Leon Adriaans, Helmond        Als ondergrond gebruikte hij aanvankelijk ruwe planken, vrachtwagenzeilen en papieren veevoederzakken, die hij vulde met stippen en oersymbolen. Dit werk doet denken aan dat van Australische aboriginals, maar de officiële kritiek verwelkomde in hem een representant van de Arte Povera, ‘arme kunst’ uit Italië, ontstaan als reactie op Amerikaanse krachtpatsers die hele museumwanden vulden. Later begon hij ook op linnen te verven en liet hij steeds vaker autobiografische elementen toe: kamers, zelfportretten, paarden, landschappen; soms zijn twee dochters of zijn vrouw. Zijn voorstellingen lijken naïef en volkskunstig. Maar waar die genres slechts spontaniteit als verdienste hebben, voegde hij spanning en moeraslucht toe.
        Overdag was hij meestal in de polders bij ‘s-Hertogenbosch met paarden in de weer, en uiteindelijk bewoonde hij zelfs een boerderij in St. Michielsgestel, het Sterrenbos.
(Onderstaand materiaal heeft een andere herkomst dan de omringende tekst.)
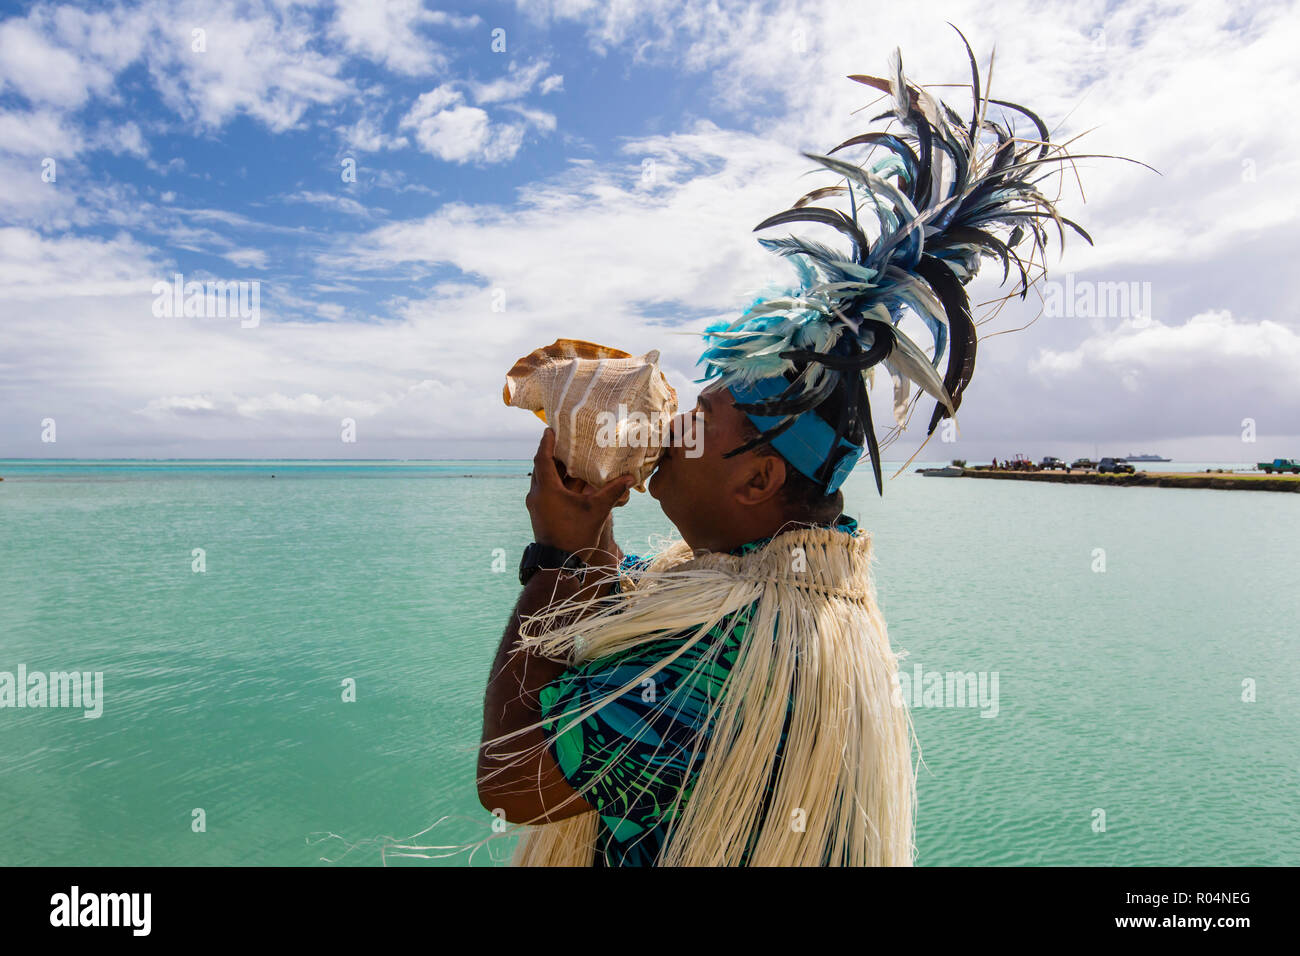 A conch shell blowing warrior welcoming guests to Aitutaki, Cook Islands, South Pacific Islands, Pacific Stock Photo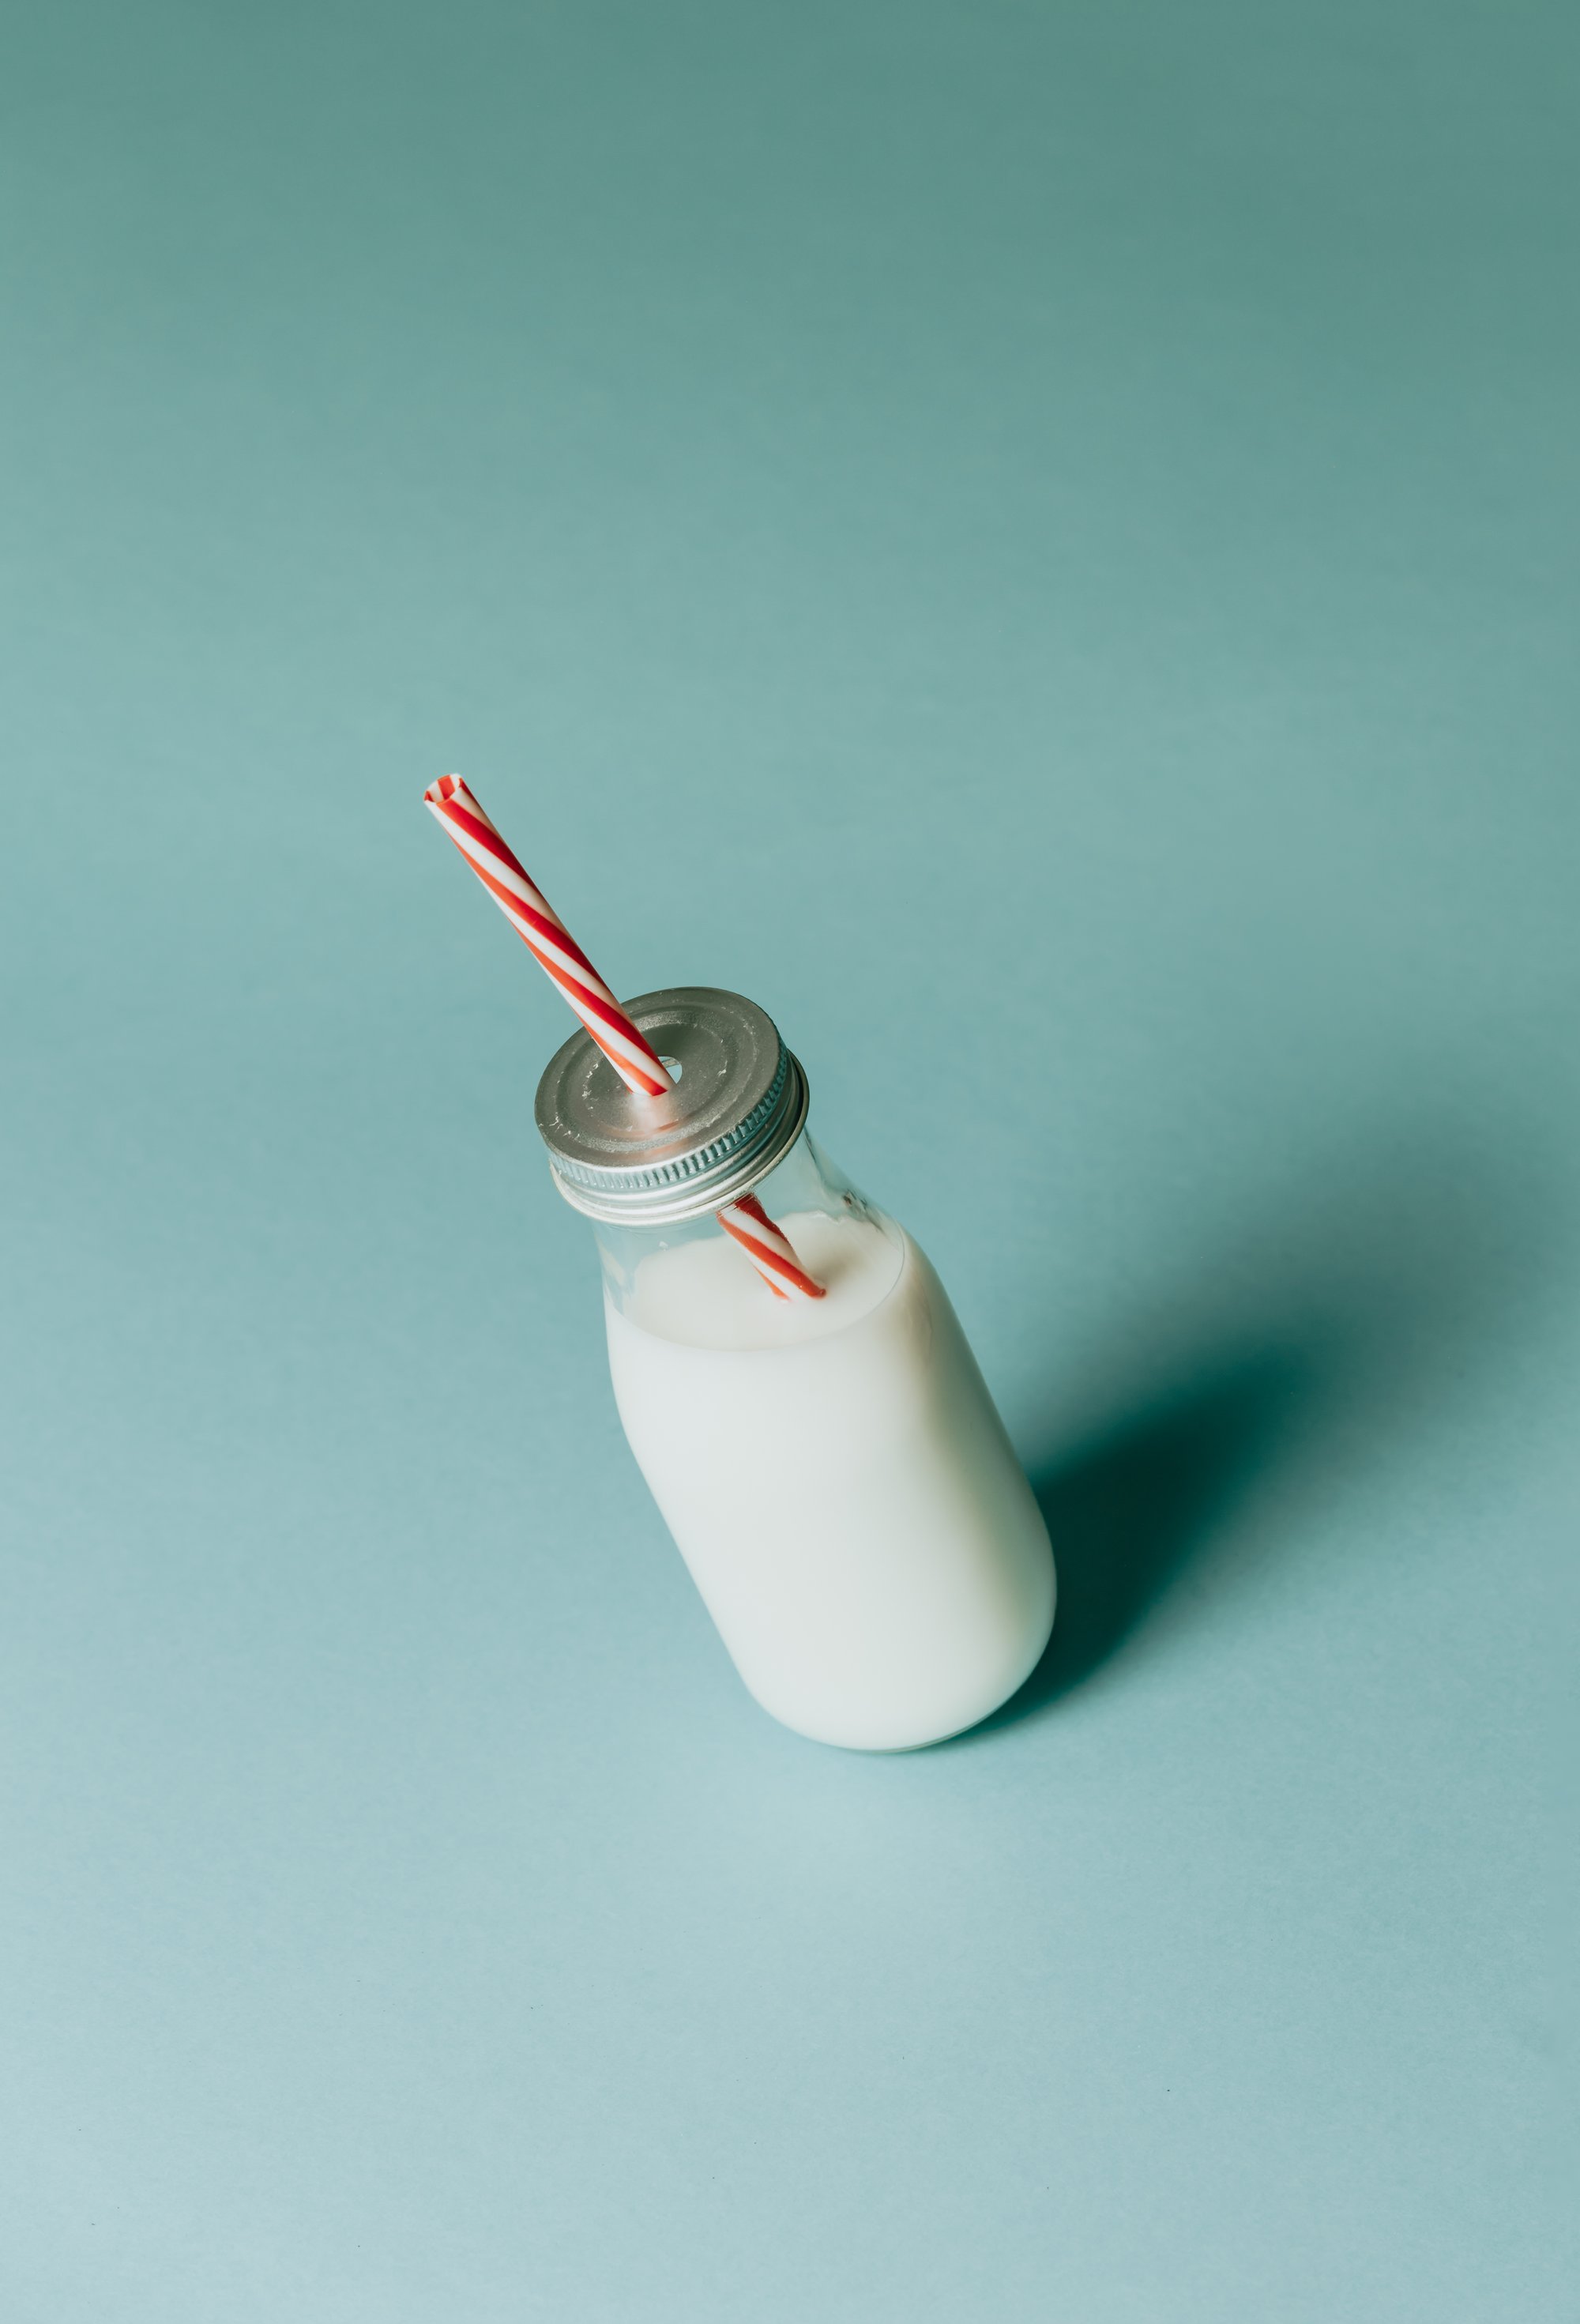 bottle of milk with silver lid and red striped straw 一瓶银色盖子和红条纹稻草的牛奶

Zijn kunst sierde in het vervolg ook nestkastjes en karren. Heimwee, zo zei hij, was wat hem dreef, heimwee naar de ‘voorgeboorte’. Wat hij hieronder verstond blijft duister, maar in elk geval kon hij in de geest van zijn Helmondse voorvaderen zuipen tot hij erbij neerviel. Wellicht gedacht hij op deze wijze de processie van zatlappen die in zijn jeugd nog ieder weekend door het centrum trok. Daarnaast was hij een toegewijd lid van de Zware Van Nelle-club.
        Regisseur Pieter Verhoeff heeft kort voor zijn – vroegtijdige – dood een documentaire over hem gemaakt, Eigen weg. Zijn eerste vrouw was al enige tijd overleden en met een nieuwe liefde zien we hem op zijn boerderij en in zijn atelier. Beslist niet ongelukkig. In één shot zit hij met zijn baard op zijn borst op een bankje en kijkt met kraaloogjes om zich heen. Uit Helmond kende ik zo’n pose alleen van paters en broeders. Maar vergeestelijkt was hij nog geenszins: zijn weduwe houdt zijn erotisch werk voorlopig in de la.
        Iets geks: hoewel weinig zaken in zijn ogen deugden heeft hij nooit op zijn geboortestad gefoeterd, terwijl dat ter plaatse de algemene hobby is. Hij kwam er ook heel graag en bleef zijn hele leven het bonkige dialect spreken
        En nog iets geks: het Gemeentemuseum van Helmond bezit geen enkel werk van hem, ook al staat hij onder een brede schare kenners te boek als ‘de laatste Brabantse schilder’. Hem zal dat weinig verbaasd hebben. Hij beschouwde zichzelf als erfgenaam van Van Gogh en vertrouwde intimi toe: ‘Het spijt me het te moeten zeggen, maar ik ben de beste van mijn generatie en dat maakt me weleens eenzaam.’